Exercise data:
- Opening Delimiter -
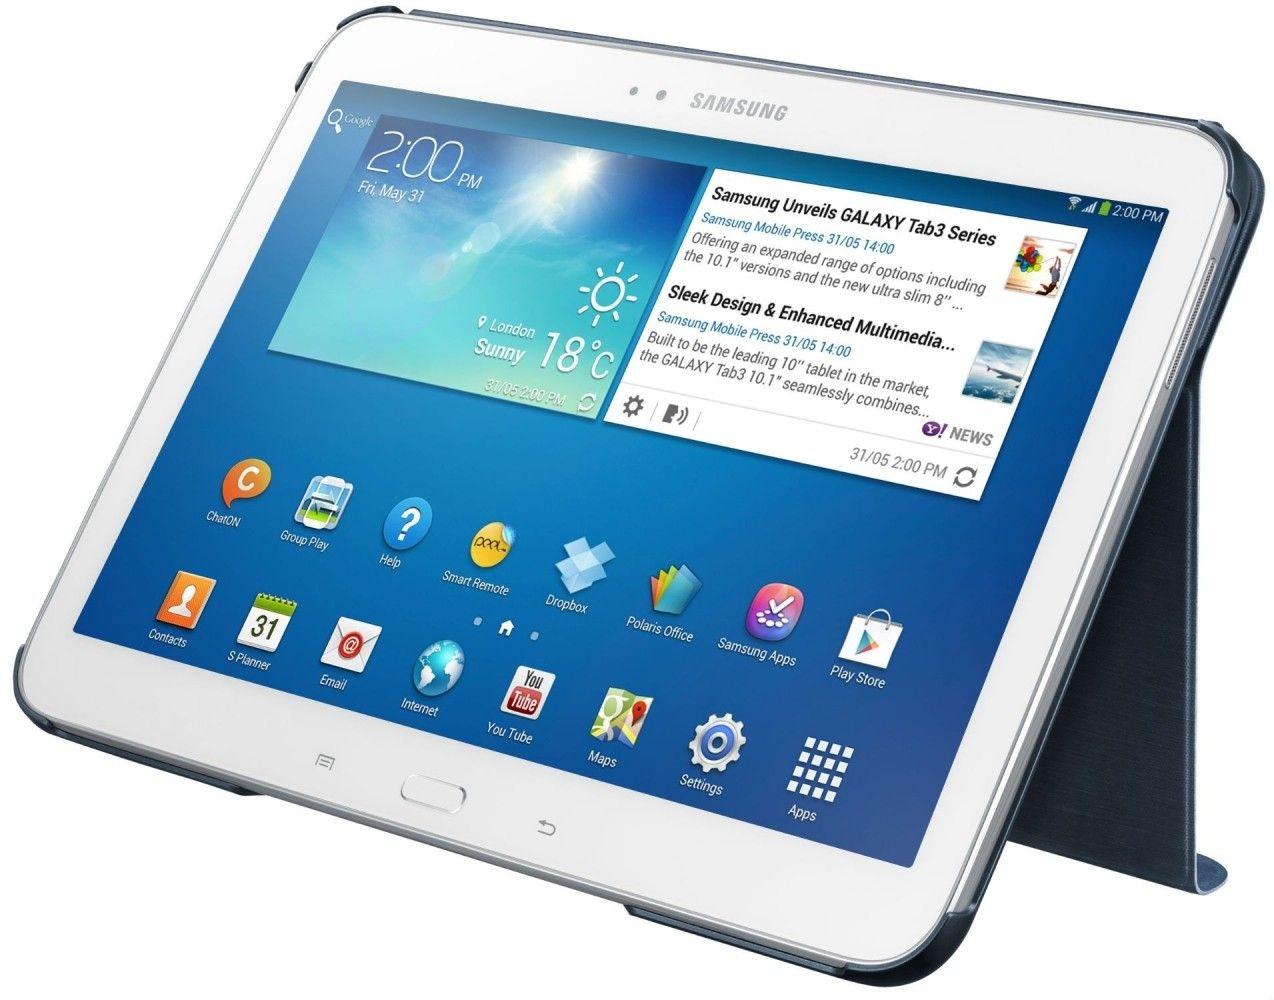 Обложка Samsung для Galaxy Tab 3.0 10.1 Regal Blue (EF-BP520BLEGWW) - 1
- Closing Delimiter -
- Opening Delimiter -
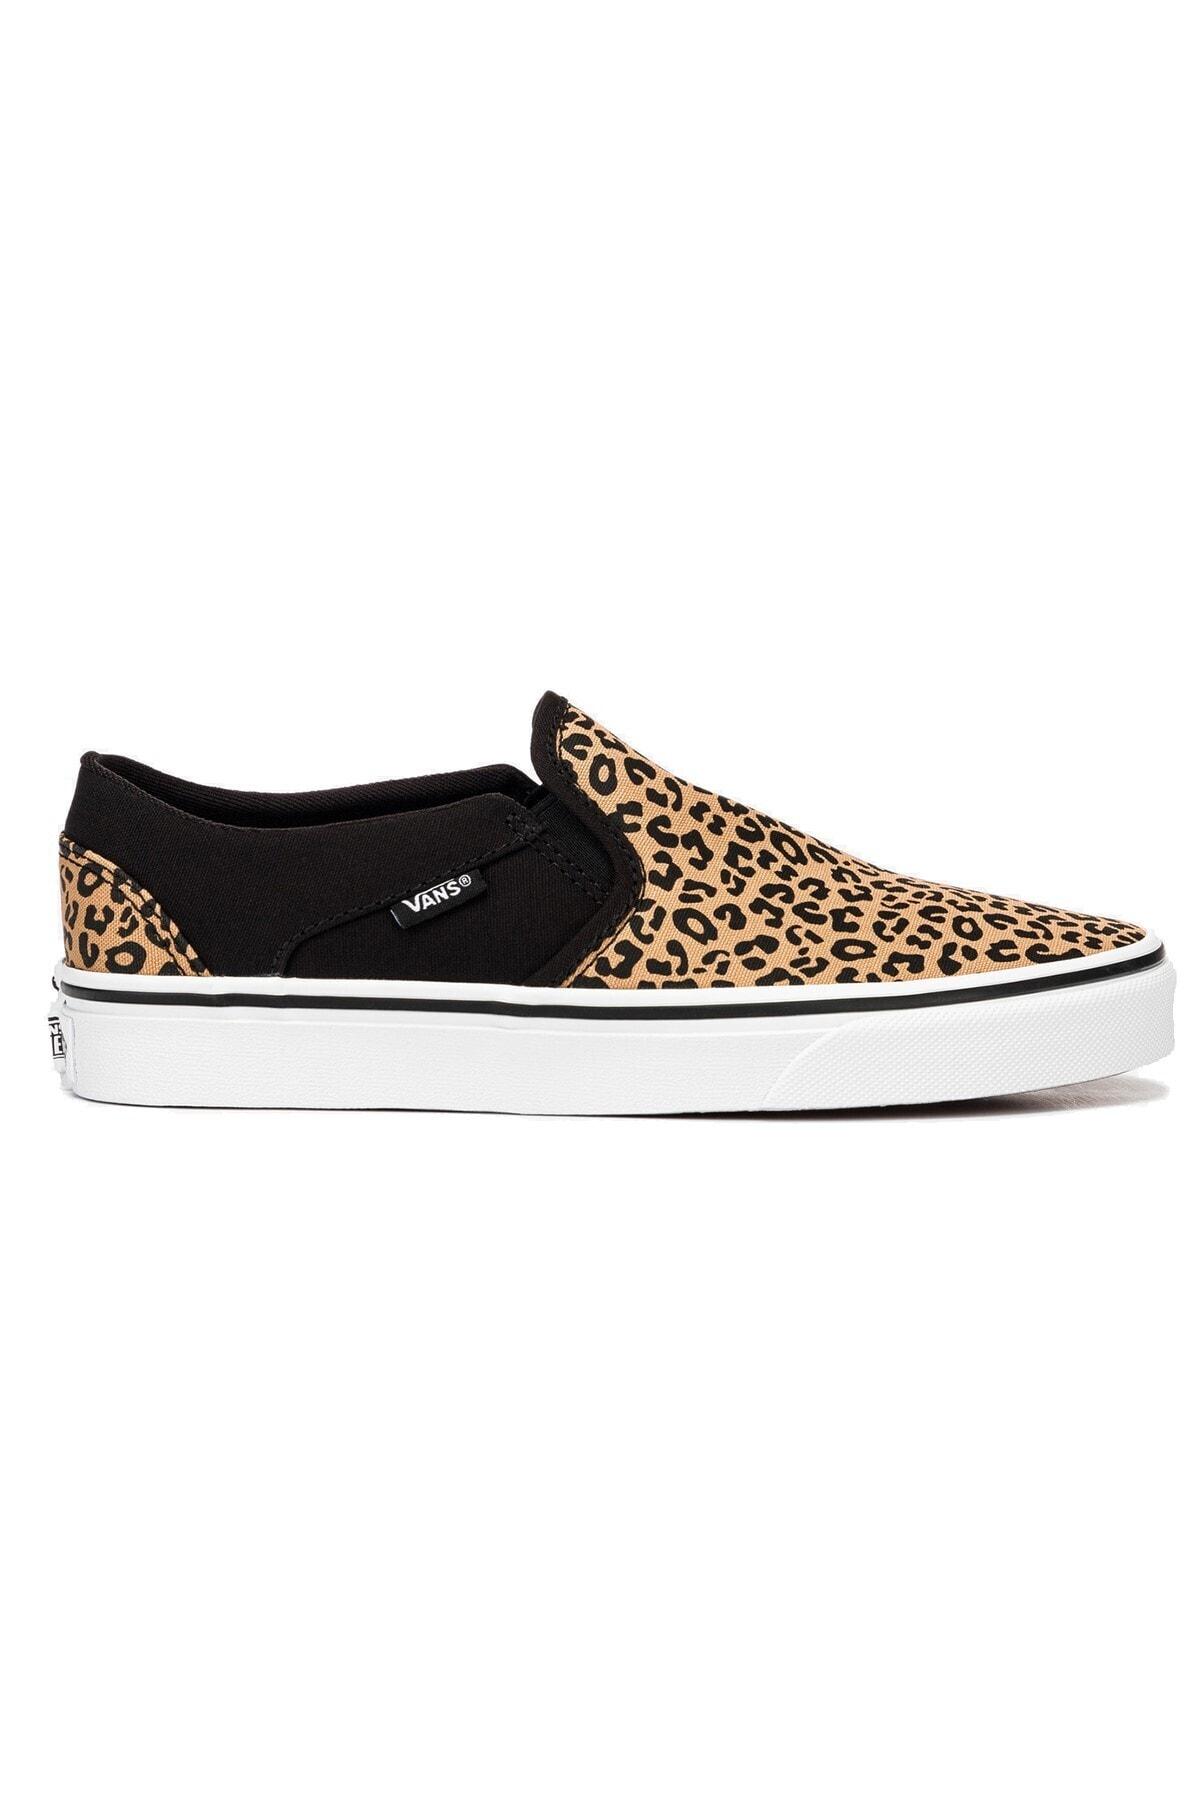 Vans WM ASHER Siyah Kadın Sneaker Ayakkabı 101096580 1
- Closing Delimiter -
- Opening Delimiter -
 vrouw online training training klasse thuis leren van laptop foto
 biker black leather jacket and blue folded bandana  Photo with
- Closing Delimiter -
Exercise prompt: Please give back, exactly as it stands above, the stretch from the line with "vrouw online training" through the line with "biker black leather", and no line outside it.

Task response:
 vrouw online training training klasse thuis leren van laptop foto
 biker black leather jacket and blue folded bandana  Photo with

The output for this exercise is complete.